Поодаль стучали молотами кузнецы, горланили торговцы, шныряли мальчишки. По запруженной народом уличке базара важно ехал на коне разряженный перс - торговец с красной, выкрашенной хной бородой; проезжал конный казак или, пробиваясь сквозь толпу, со смехом и возгласами проходили русские дамы, сопровождаемые офицерами. Время от времени на богато убранных конях, в окружении двух-трех телохранителей, с гордой осанкой, шагом проезжал какой-нибудь грузинский князь.
Недалеко от штаба, ближе к Сололаки, высилось большое здание караван-сарая, тоже торгового центра города, но тут уже и покупатели, и торговцы были другого сорта. Это были люди гораздо более зажиточные и солидные, чем те, которые заполняли майдан. Тут встречались и почтенные грузинские матроны с дочерьми и слугами, и русские чиновники с женами, и внимательно разглядывающие товары полковые дамы. Русская речь перемешивалась с грузинской, армянской и даже с французской.
Тифлис, уже забывший об ужасах и погроме Ага Магомед-шаха, жил весело и беззаботно за штыками русских солдат.
Недалеко от Сионского собора, на повороте узенькой улички, носившей пышное название "Серебряная улица", стоял длинный двухэтажный кирпично-деревянный дом князя Вано Орбелиани, генерал-лейтенанта русской службы, сослуживца и старого приятеля Ермолова еще по кампании 1812-1813 годов.

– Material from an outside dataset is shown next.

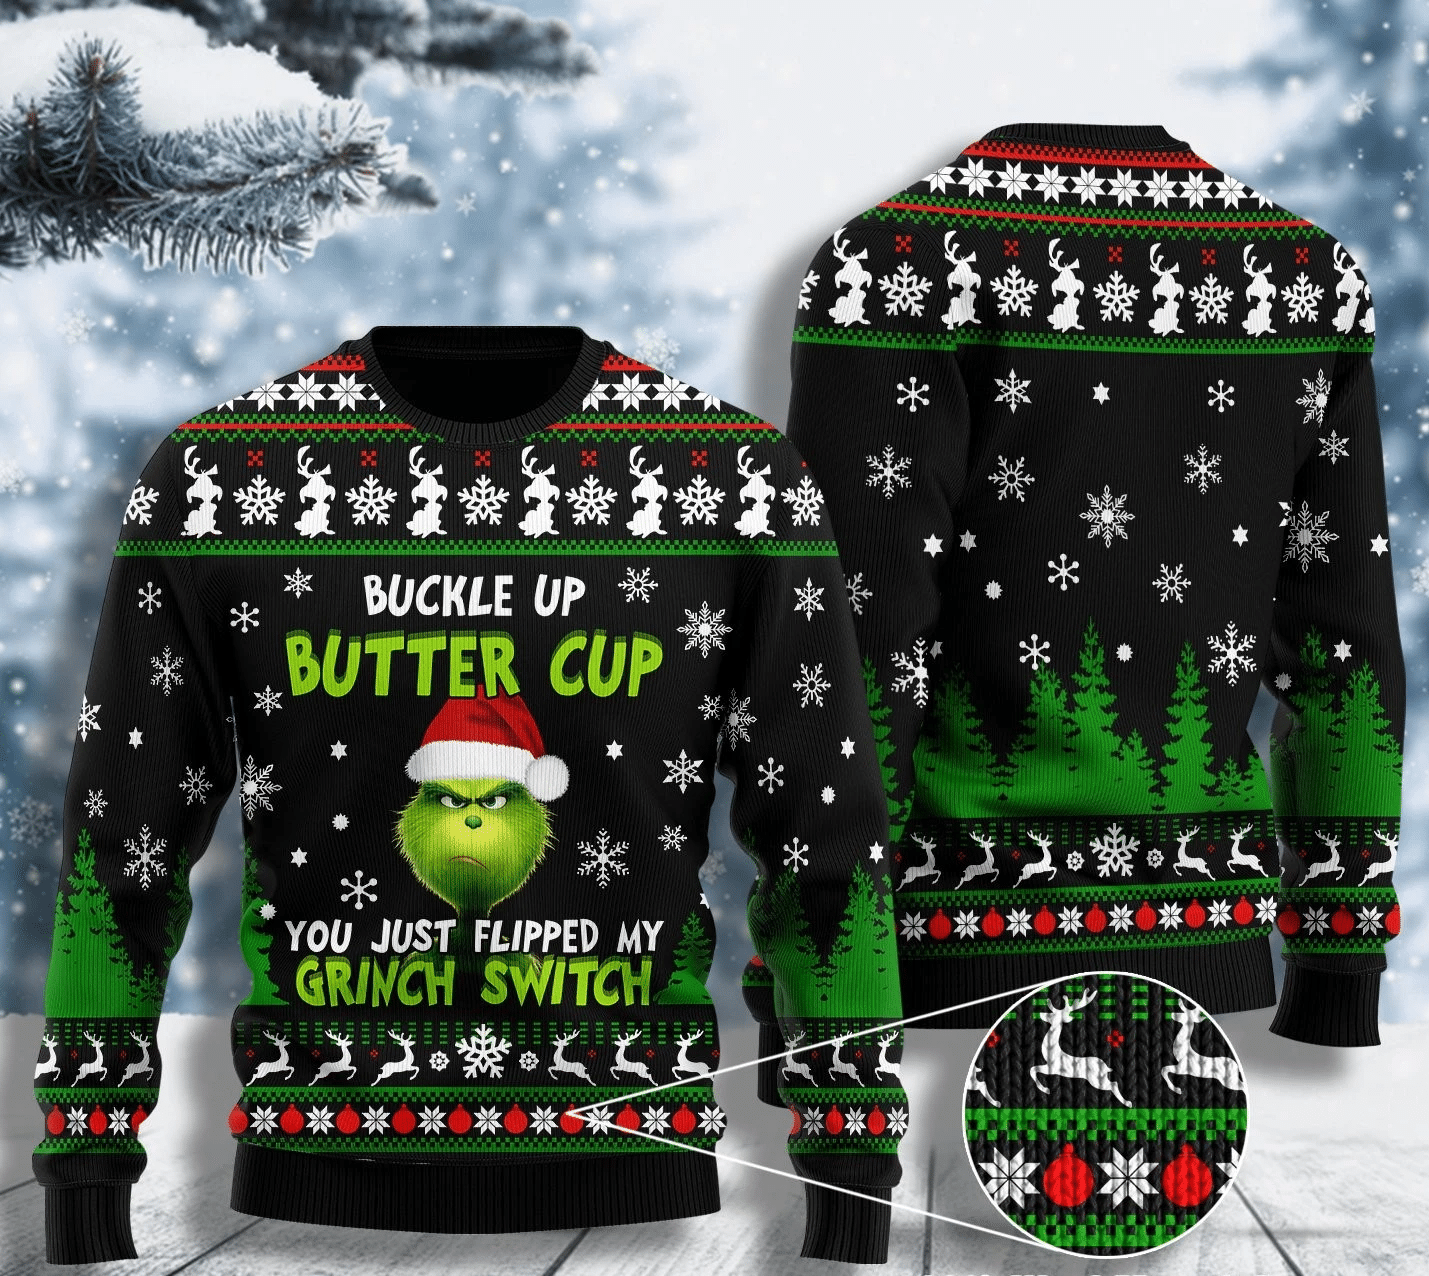 https://image.whatamazingthings.com/2022/11/buckle-up-buttercup-grinch-ugly-christmas-sweater.png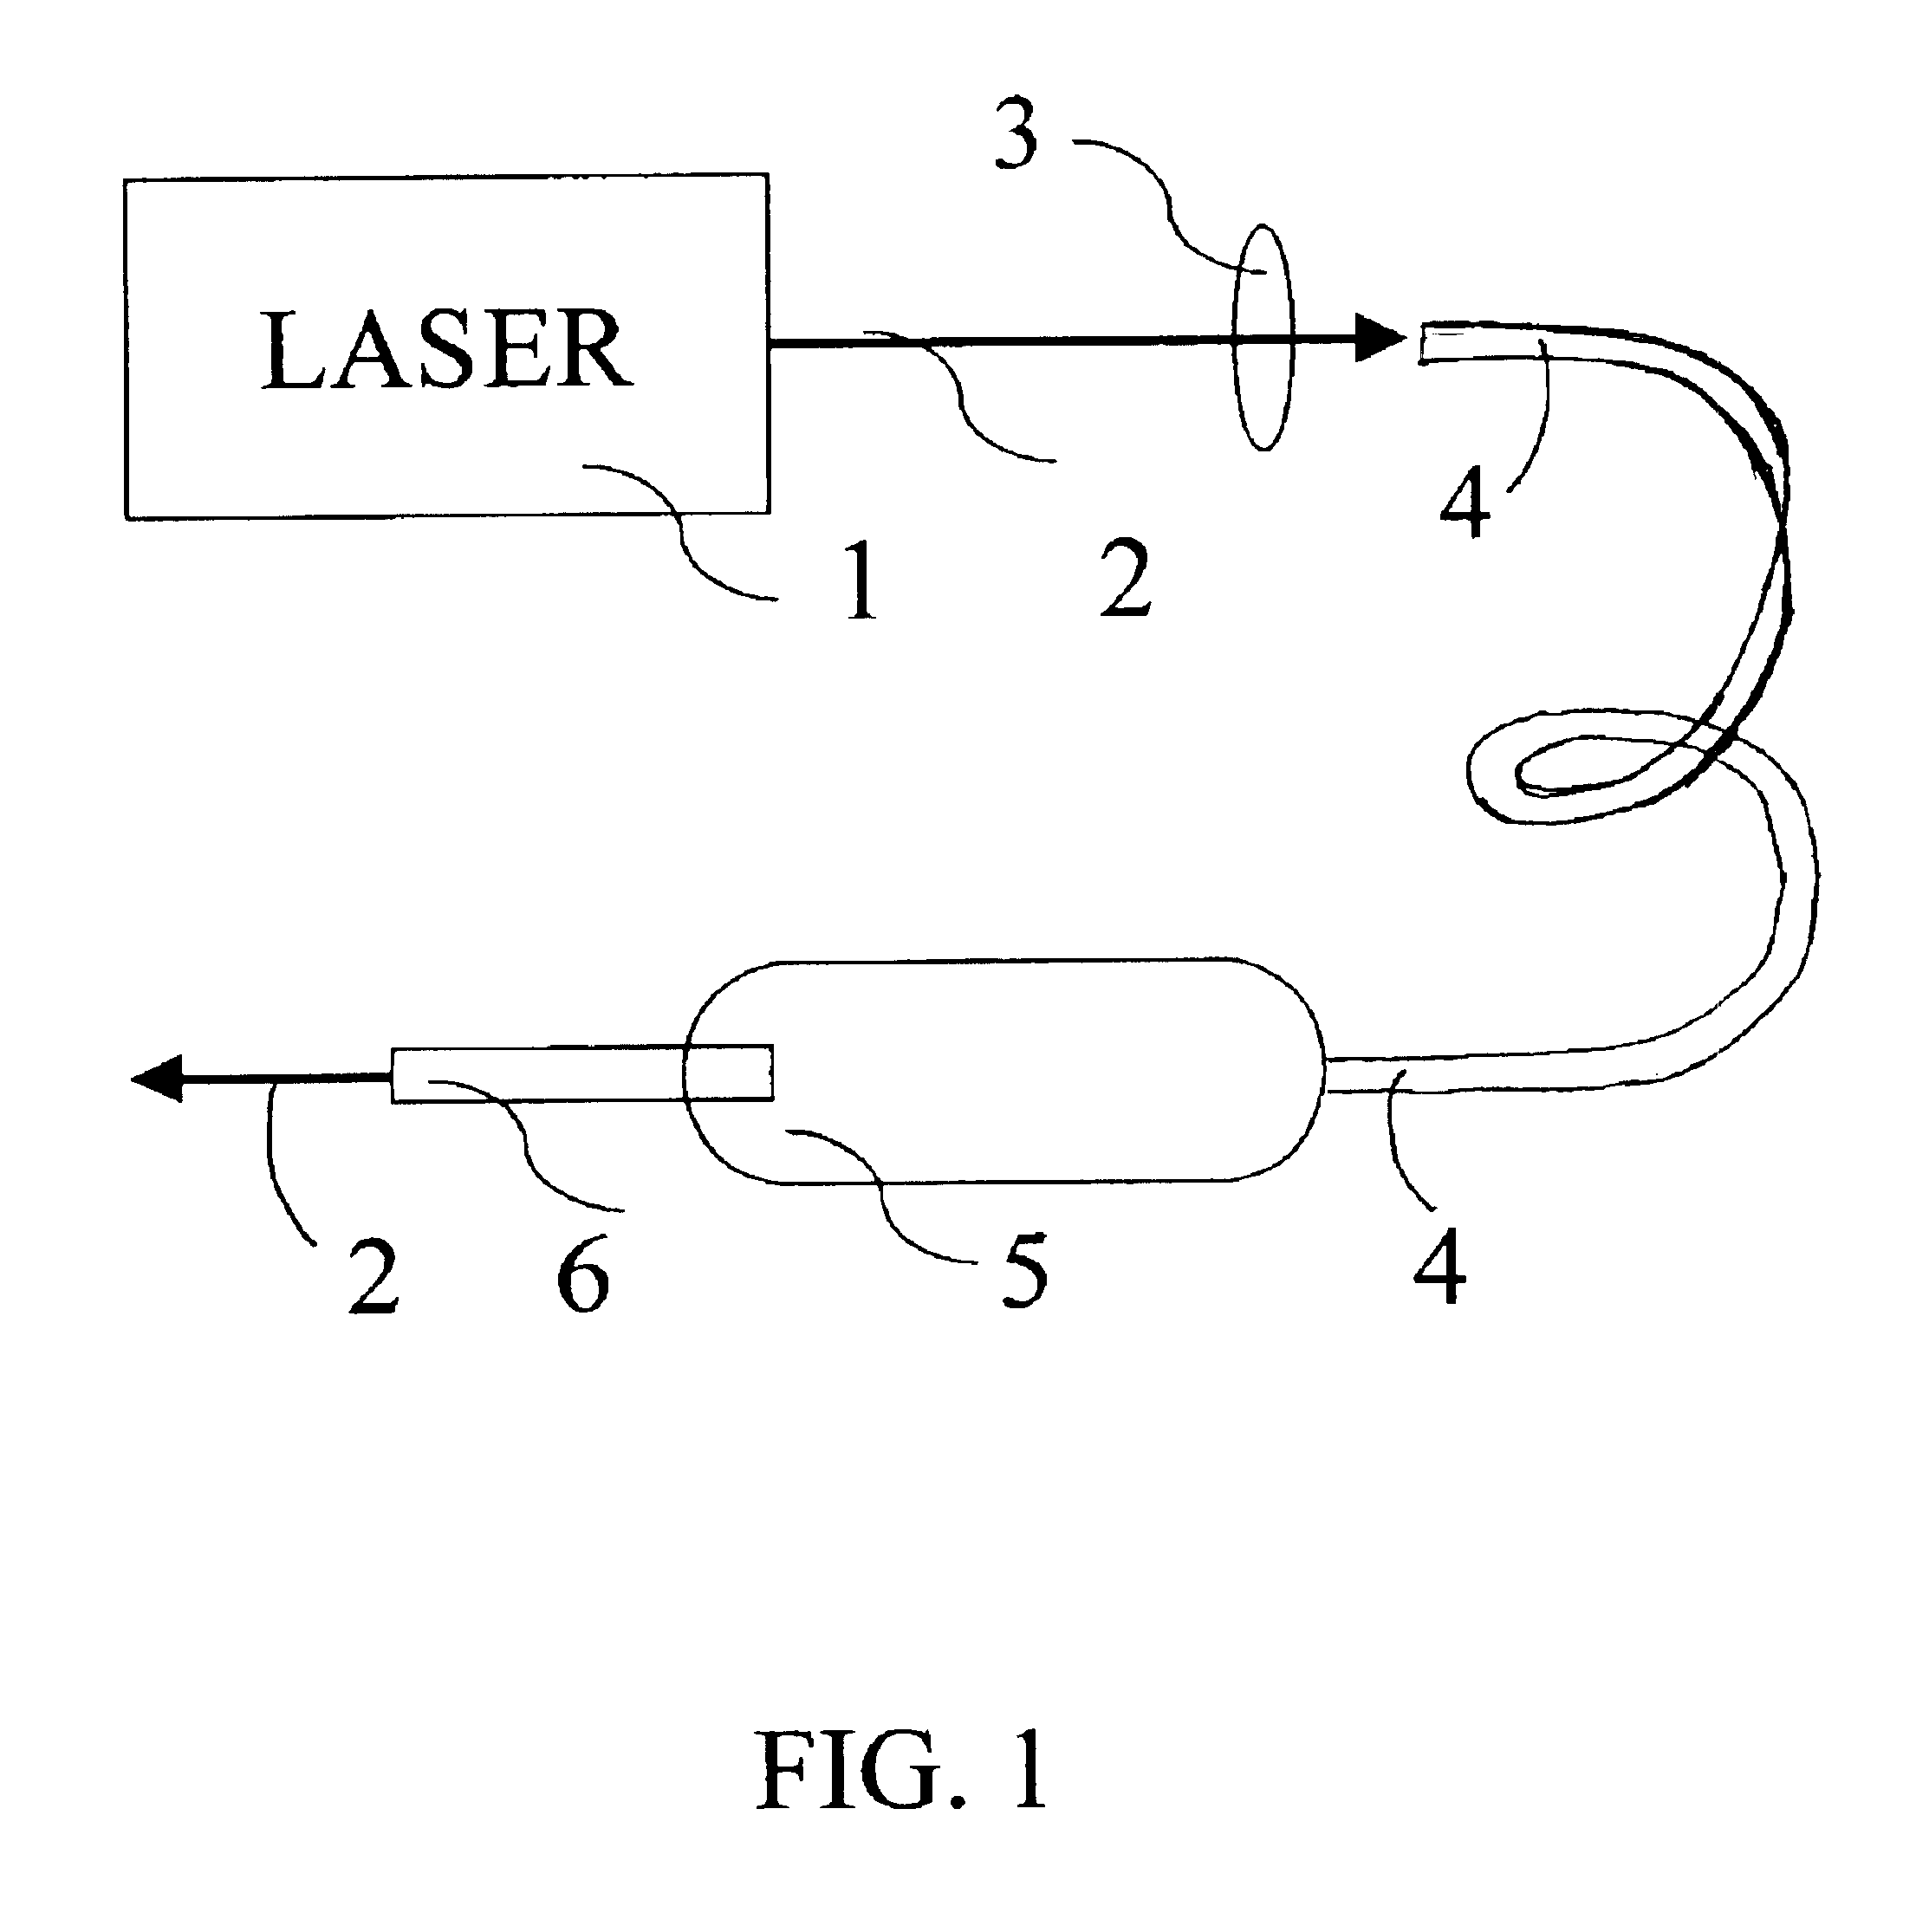 Apparatus and methods for the treatment of presbyopia using fiber-coupled-lasers

Здесь и остановился генерал по своем приезде в Тифлис, думая переехать в казенное здание, именовавшееся "дворцом", через день или два. Сделал он это для того, чтобы выяснить, что говорят в городе о недалеком уже приезде Паскевича. Он хотел узнать, какие новости, местные и петербургские, дошли до тифлисского общества и какие толки и слухи вызвала среди местных чиновников недели три назад выехавшая из Тифлиса через Тавриз в Тегеран миссия князя Меншикова.
Преданные люди уже сообщили Ермолову о том, как возликовала часть русской администрации, услышав о недовольстве царя и о скором приезде Паскевича. Ермолов был не так прост, каким хотел казаться. Некоторая его грубоватость и откровенность в разговоре была не более как манерой, за которой скрывался очень умный и, когда это было необходимо, тонкий и дальновидный политик, мстительный и злой в своем остроумии человек.
И сейчас, когда решалось: быть ли ему еще год-два "проконсулом Кавказа", хозяином армии и края, он хотел знать, кто остался ему другом и кто уже переметнулся в стан врагов.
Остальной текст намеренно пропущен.